How many different ways can you distribute $5$ apples and $8$ oranges among six children if every child must receive at least one piece of fruit? If there is a way to solve this using PĆ³lya-Redfield that would be great, but I cannot figure out the group elements.
I know this is a duplicate of: How many different ways can you distribute 5 apples and 8 oranges among six children?. But I can not comment on this or contact the member who explained the task.
Could someone explain in more detail how to apply this, especially how to evaluate the sums?
Maybe someone has more examples? Or even a book with solved exercises?
The main Problem is i dont know what i need to know in order to apply it.

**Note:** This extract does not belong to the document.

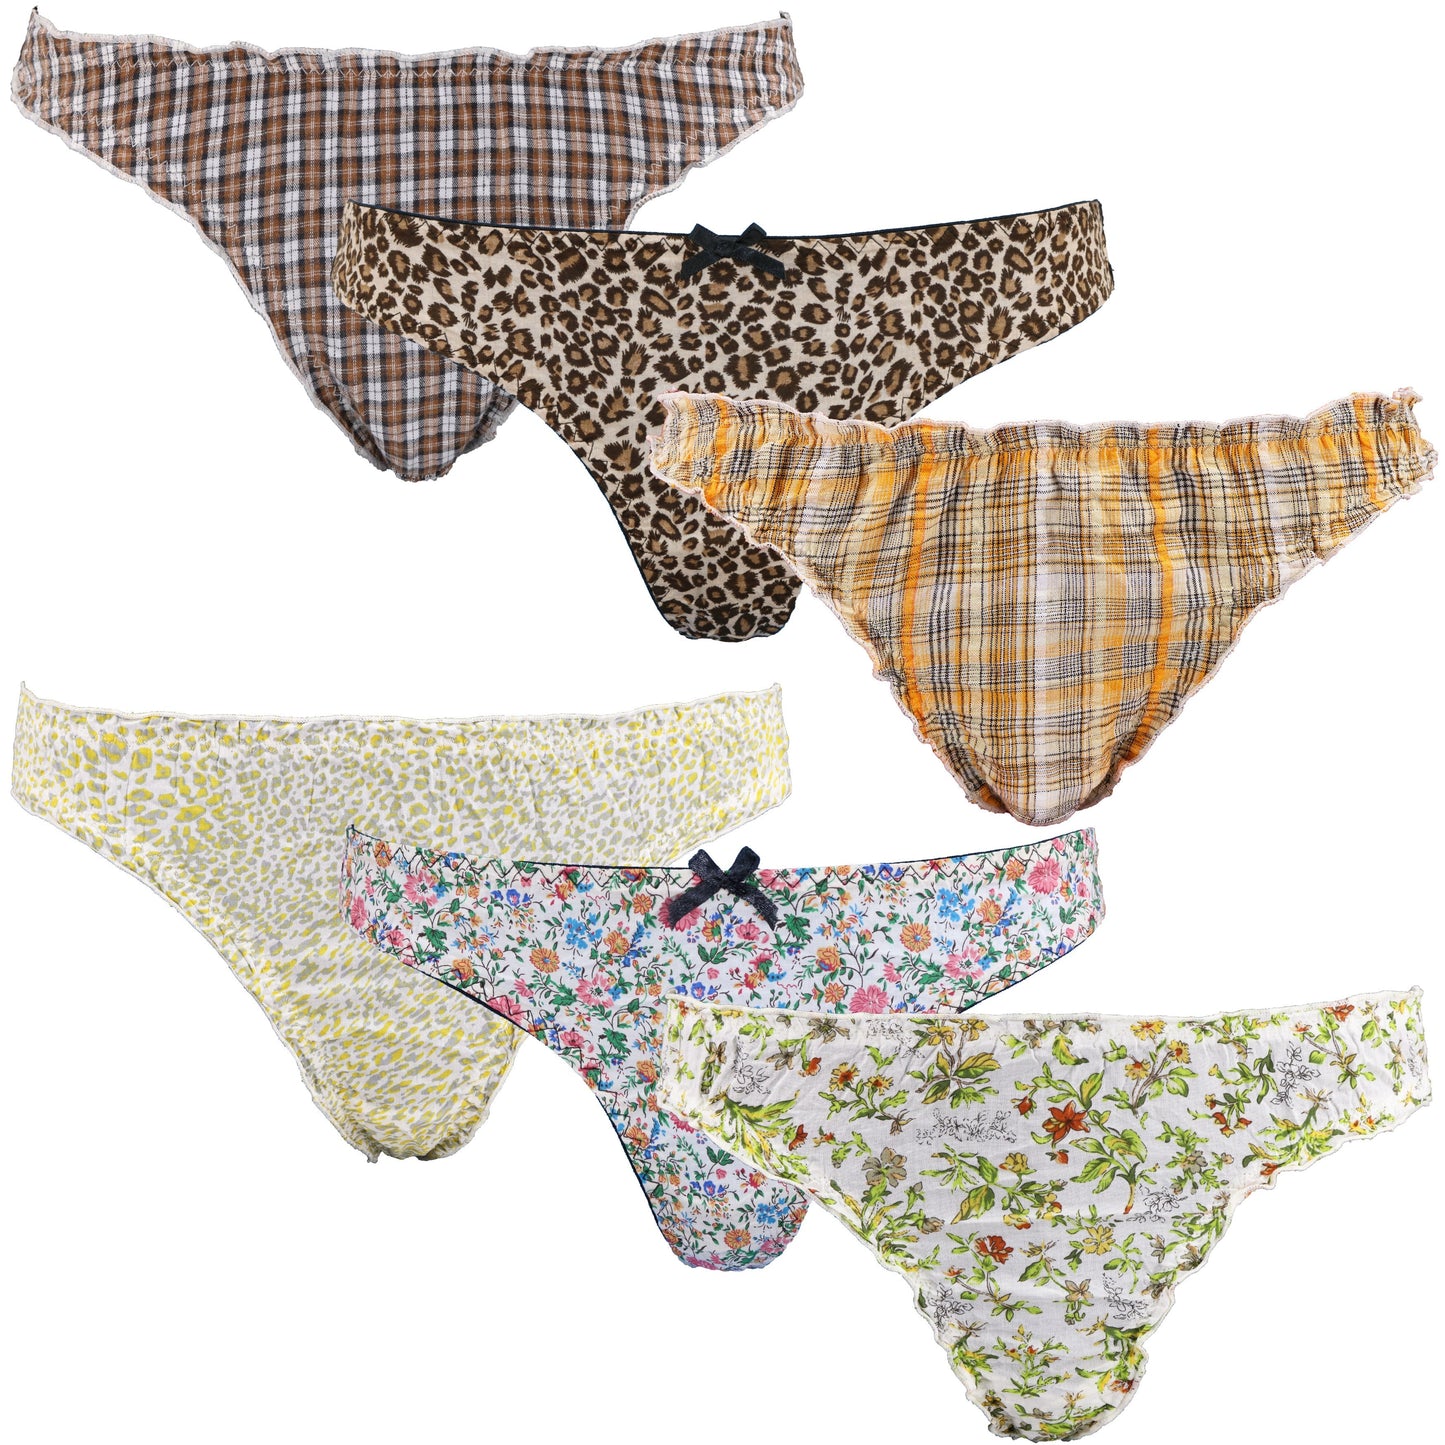 Women's Sexy Assorted Low Rise Thongs V-G Strings Panties
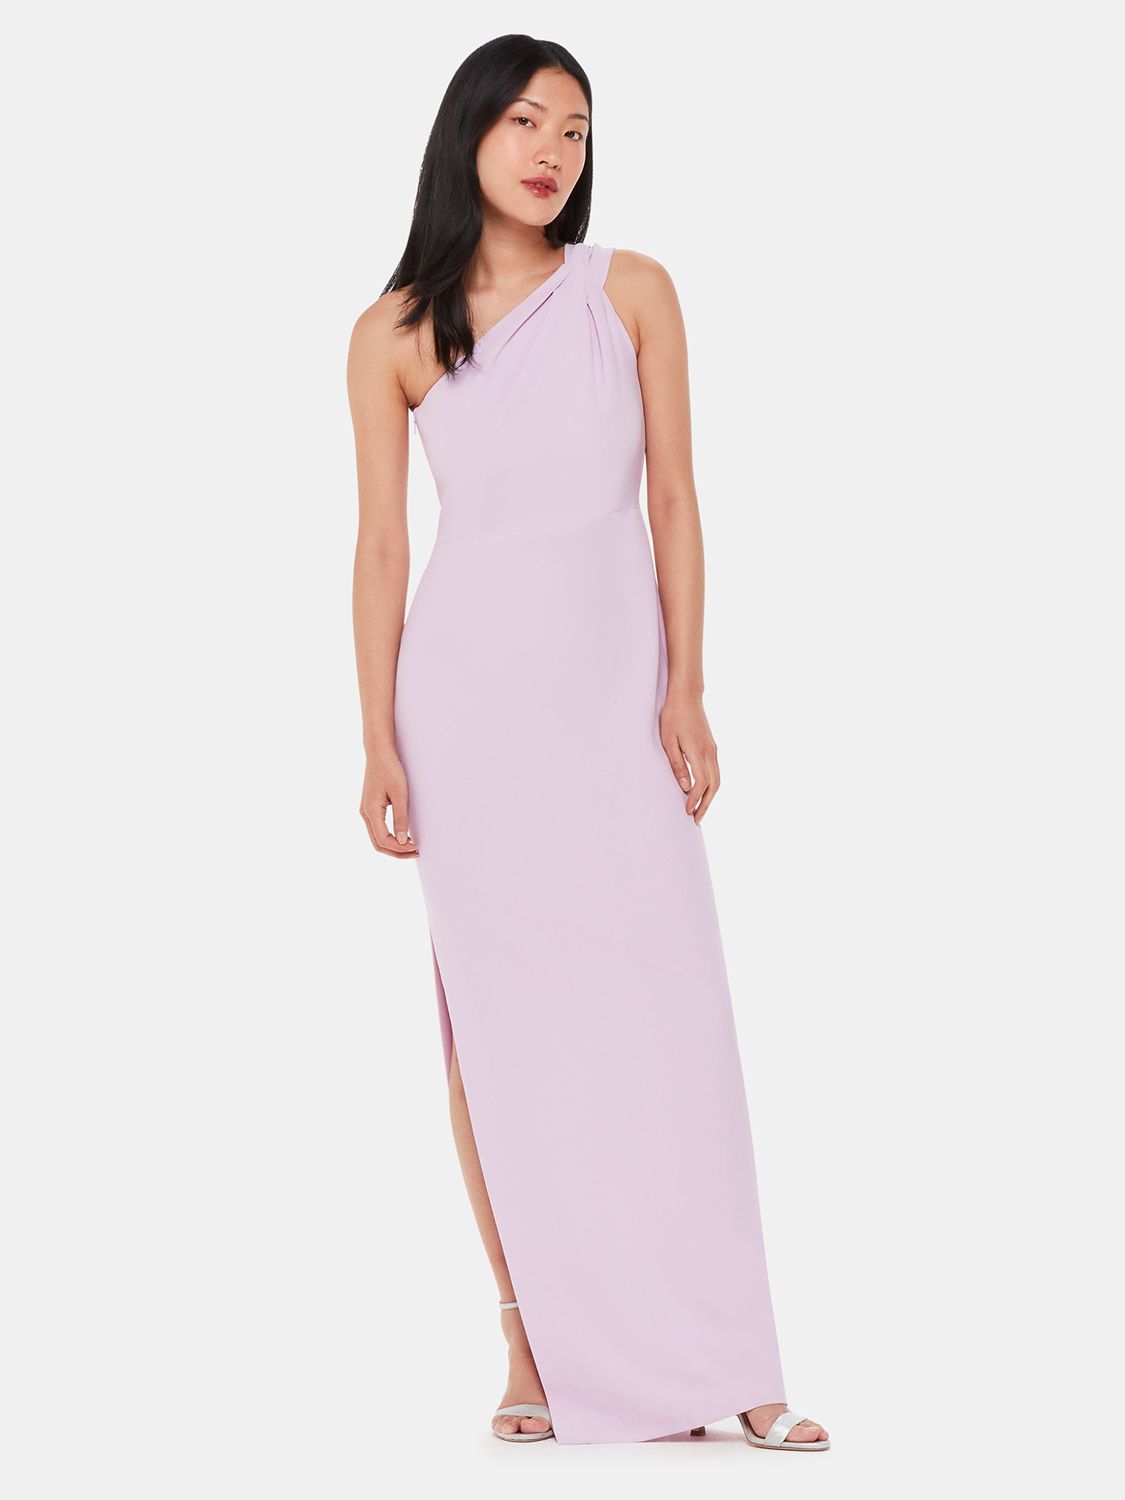 Whistles Bethan One Shoulder Maxi Dress, Lilac, 6

Application 1: How many distinct circular necklace patterns are possible with n beads, these being available in k colors.
It could be solved by Burnside's lemma but I also have no clue to to apply it.
Best Answer
I don't think this is a case for Polya theory. In the following I propose a generating function approach. I'm assuming the apples indistinguishable, the oranges indistinguishable, but the children distinguishable.
Assume for the moment that there is an unlimited supply of apples and oranges. An individual child can receive $j$ apples and $k$ oranges, whereby $j+k\geq1$. This option will enter with weight $x^jy^k$ into the following calculation. The formal sum of all options for one child then is $$f(x,y):={1\over1-x}{1\over1-y}-1={x+y-xy\over(1-x)(1-y)}\ .$$ In the product $f(x,y)\cdot f(x,y)$ each option $x^{j'}y^{k'}$ of a first child is multiplied with each option $x^{j''}y^{k''}$ of a second child and stored as $x^{j'+j''}y^{k'+k''}$. Collecting terms of same combined degrees $(j,k)$ then counts the number of allocations where the two children together have received $j$ apples and $k$ oranges. It follows that the combined options for all six children sum up to $$f^6(x,y)=(x+y-xy)^6\>\sum_{j=0}^\infty{-6\choose j}(-x)^j\>\sum_{k=0}^\infty{-6\choose k}(-y)^k\ ,$$ and the number $N$ we are after is the coefficient of $x^5y^8$ in this expansion. We therefore can restrict the first sum to $j\leq5$ and the second sum to $k\leq8$ and then let Mathematica do the work. The answer is $N=70\,608$.